In a third family, two children carried a homozygous duplication in the gene KCNK3 and presented with a very early age of onset. Both heterozygous parents in our family were unaffected. In the only other previously described KCNK3 family with a homozygous mutation PAH manifested in the homozygous 2 months old child and, in addition, post-partum in the heterozygous mother [23]. Apart from PAH, the sister of the index patient in our KCNK3 family presented with seizures. For KCNK3, which encodes the two-pore potassium channel TASK1, this phenotype has never been described before. A pathogenetic link is likely as seizures are known to be caused by pathogenic variants in other potassium channels [24].

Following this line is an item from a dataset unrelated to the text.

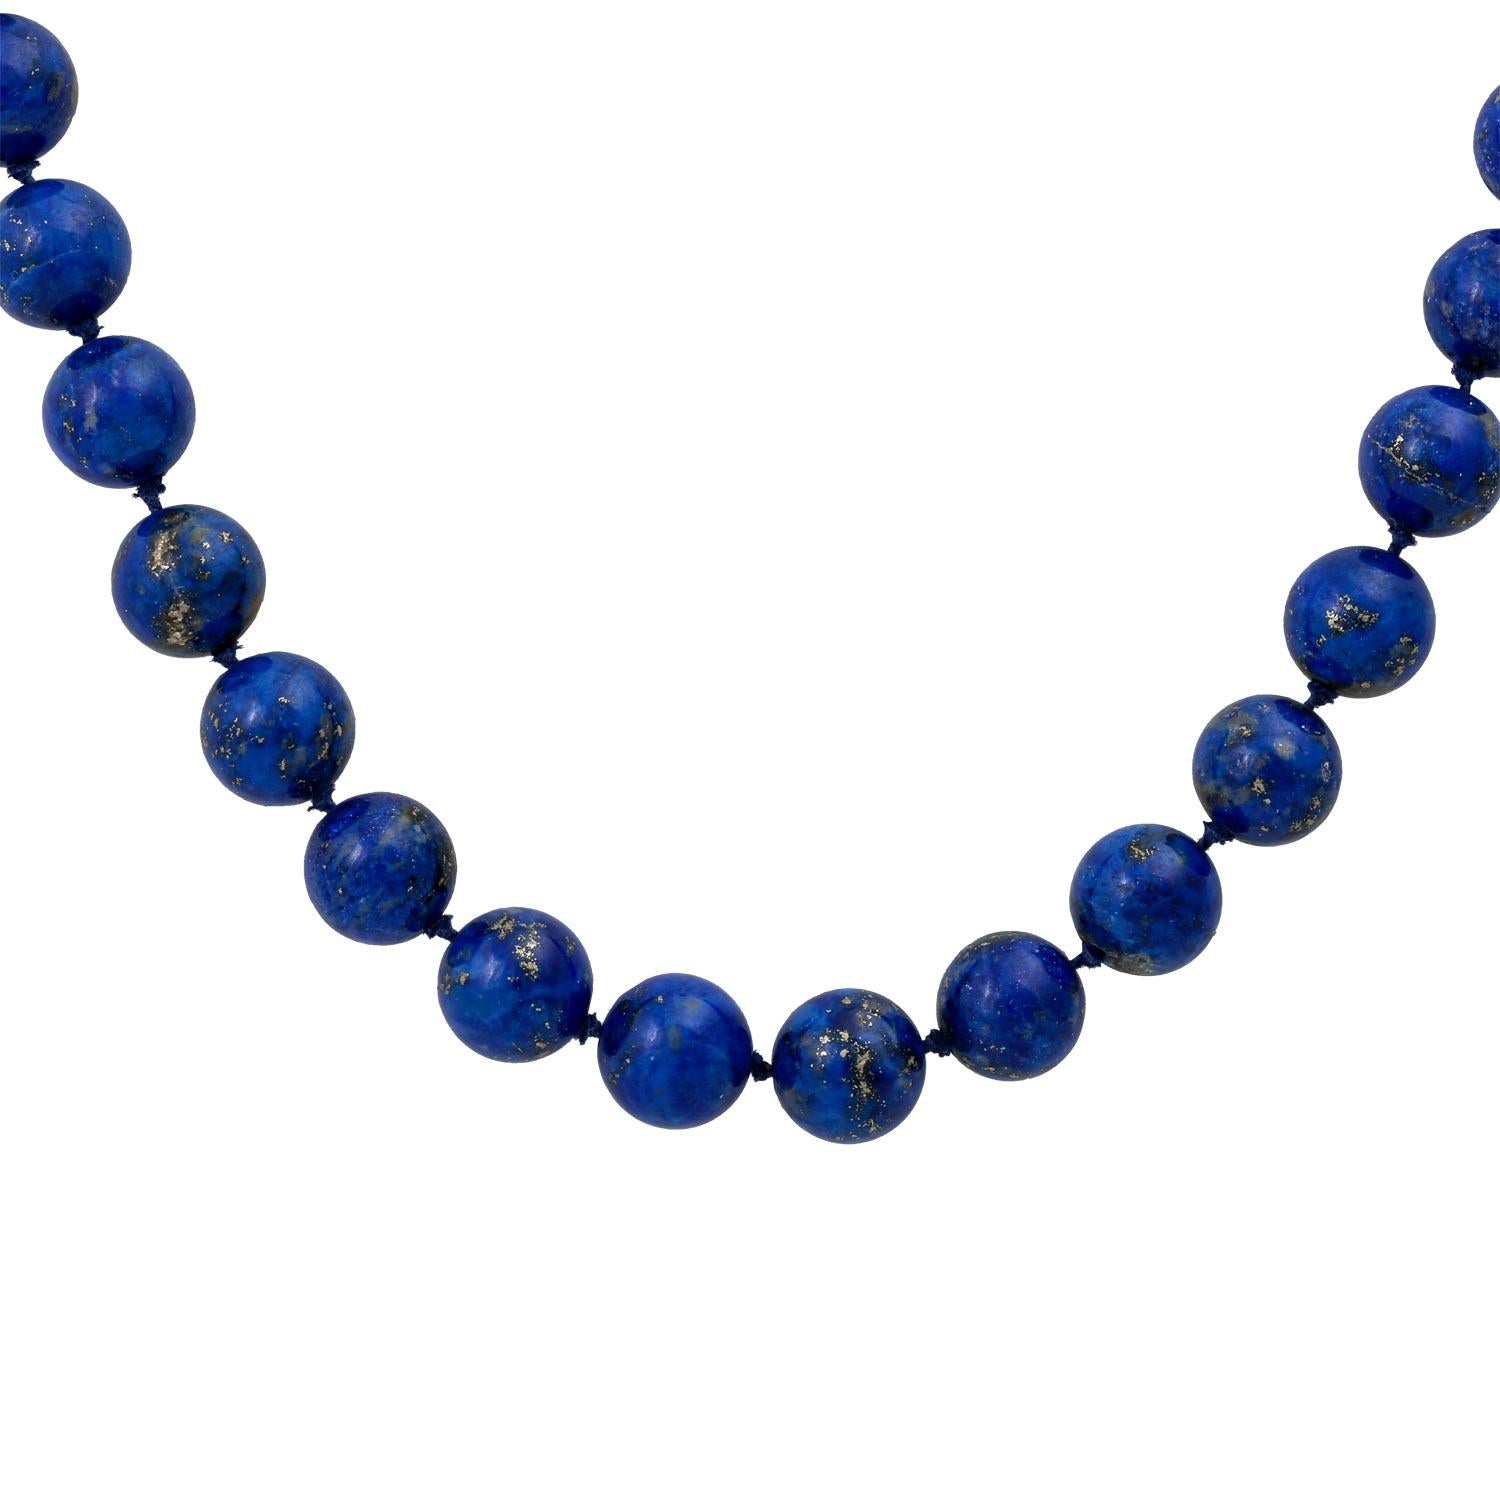 Balls approx. 9.5-10 mm, clasp GG 18K, L: approx. 85 cm, 20./21. Century, slight signs of wear.

 Lapis lazuli necklace, beads approx. 9.5-10 mm, clasp 18K YG, L: approx. 85 cm, 20th/21st century, minor signs of wear.

Prevalence of mutations in PAH subgroups

The prevalence of disease-causing variants was the highest for HPAH patients, followed by drugs and toxins induced PAH, PVOD and IPAH patients. In these four groups we could identify mutations in 13–83% patients. In contrast, connective tissue disease APAH patients and congenital heart disease APAH patients both showed a 4% mutation prevalence. This frequency was in line with previous reports of around 3–5% [22]. Interestingly, while connective tissue disease can be a risk factor for PVOD development [25], characteristic bi-allelic variants in the EIF2AK4 gene addition in a connective tissue disease APAH patient have only been described in two other patients before [22]. The congenital heart disease APAH patient carried a mutation in the SOX17 gene. This is in concert with the data published by Zhu and colleagues who described a 3.2% mutation rate for SOX17 in a cohort of congenital heart disease APAH patients [13]. No disease-causing variant could be identified in the two portal hypertension patients, two HIV-APAH patients nor the three patients with persistent PH of the newborn. However, all of these subgroups were too small to draw conclusions.

BMPR2 mutation carriers presented with worse haemodynamics at diagnosis compared to patients without a genetic predisposition. Interestingly, this was not the case for patients with pathogenic variants in other genes than BMPR2. Nevertheless, not only BMPR2-muation carriers but also mutation carriers in the other genes received more often triple therapy at the time of this study than patients with no pathogenic variant. Whether this was due to the genetic variants leading to a more severe disease phenotype or the genetic diagnostic report prompted a faster combination therapy remains to be determined.

Limitations

Patients in this study were analysed with the PAH-specific gene panel. While this targeted approach is the most cost and time effective method, there may be also pathogenic variants in other genes which could have been overlooked. However, since all established PAH genes were included on the panel, variants in other genes without a clear gene-disease relationship would have required further research and would have not been part of an official genetic diagnostic report. Similarly, variants which were located more than 20 base pairs into the introns were not analysed. For these variants extensive functional analyses would have been required to evaluate their potential effect on gene transcription. In addition, a detailed clinical characterisation of mutation carriers in genes other than BMPR2 would have been interesting for each gene. However, the respective numbers were too low to permit such analysis.

Conclusions

Of the 325 consecutive PAH patients referred for genetic testing in this study approximately each fifth patient had a genetic background leading to PAH. Pathogenic variants were not only identified in the BMPR2 gene but also in ten further PAH genes. Genetic predisposition was not restricted to HPAH, IPAH and PVOD but could also be identified in some patients with APAH. HPAH families with mutations in the genes AQP1, SOX17 or KCNK3 underline the broad spectrum of mutations. The PAH-specific gene panel based on next generation sequencing proofed to be readily extendable for newly discovered genes to include all known PAH genes at any time point. Hence, our approach provided a valuable, timely, high-quality tool for the clinical diagnostic work-up of PAH patients.